Читаем Не был, не состоял, не привлекался полностью

Доцент Уманский, историк из МГУ, вел семинар в Университете марксизма-ленинизма. На одном семинаре он освещал прогрессивность политики Ивана Грозного. Так было тогда принято. Во время перерыва я спросил его, как понимать приказ Ивана зарубить слона, подарок персидского шаха? Этот вроде бы дрессированный слон не захотел поклониться Ивану. Может быть, Иван Грозный был психически больным?

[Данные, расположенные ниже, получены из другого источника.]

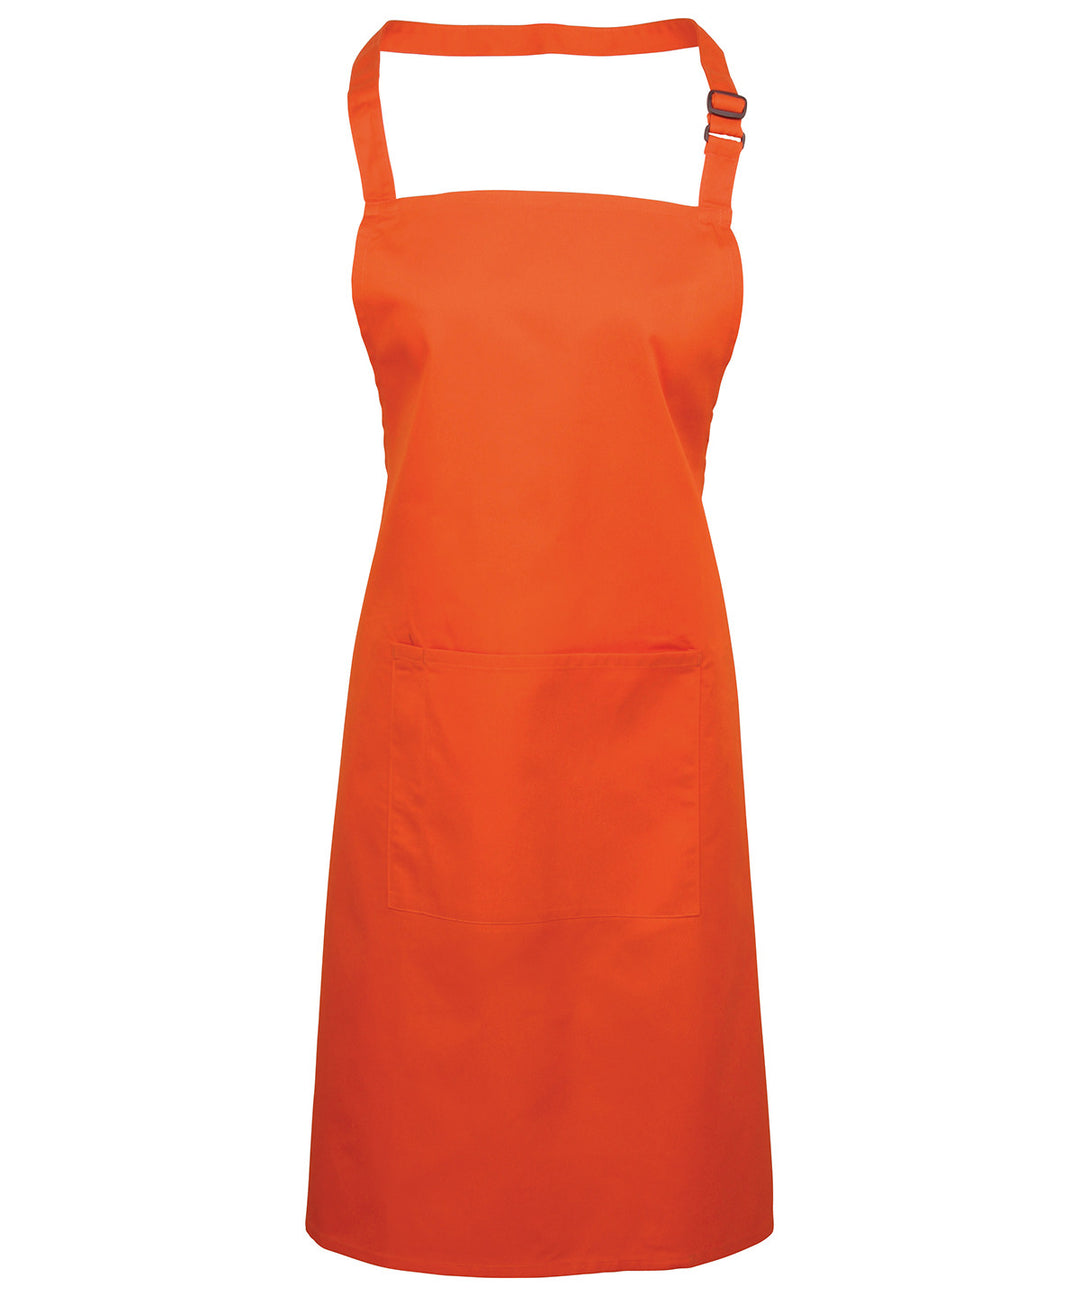 a women's orange apron dress with straps

Доцент ответил: «Что же вы, сами не понимаете?».

Я, конечно, понимал, что кукиш показывают в кармане. Так и делал. Как многие другие. Такие вот странные нравы и обычаи.

* * *

Вовочка на мой вопрос, зачем же он пьет, ответил: «Миша! Ты же умный парень, ты все понимаешь!».

Мне понравилась оценка моих умственных способностей, и я спросил: «Я все понимаю, но только не понимаю одного: почему все всё понимают, а делают наоборот?».

В восьмом классе школы Вовочка был самого маленького роста. И голосок у него был тонкий-претонкий. Ребята влюблялись в девочек, а Вовочка пищал. В десятом классе он вдруг вытянулся. С войны вернулся живой, правда, хромой. Поступил в Университет и стал кандидатом юридический наук, доцентом. Был на хорошем счету и съездил года на два преподавать в Китай. Тогда пели: «Москва – Пекин, Москва – Пекин / С нами идут народы / Москва – Пекин, Москва – Пекин / Пусть зеленеют всходы…».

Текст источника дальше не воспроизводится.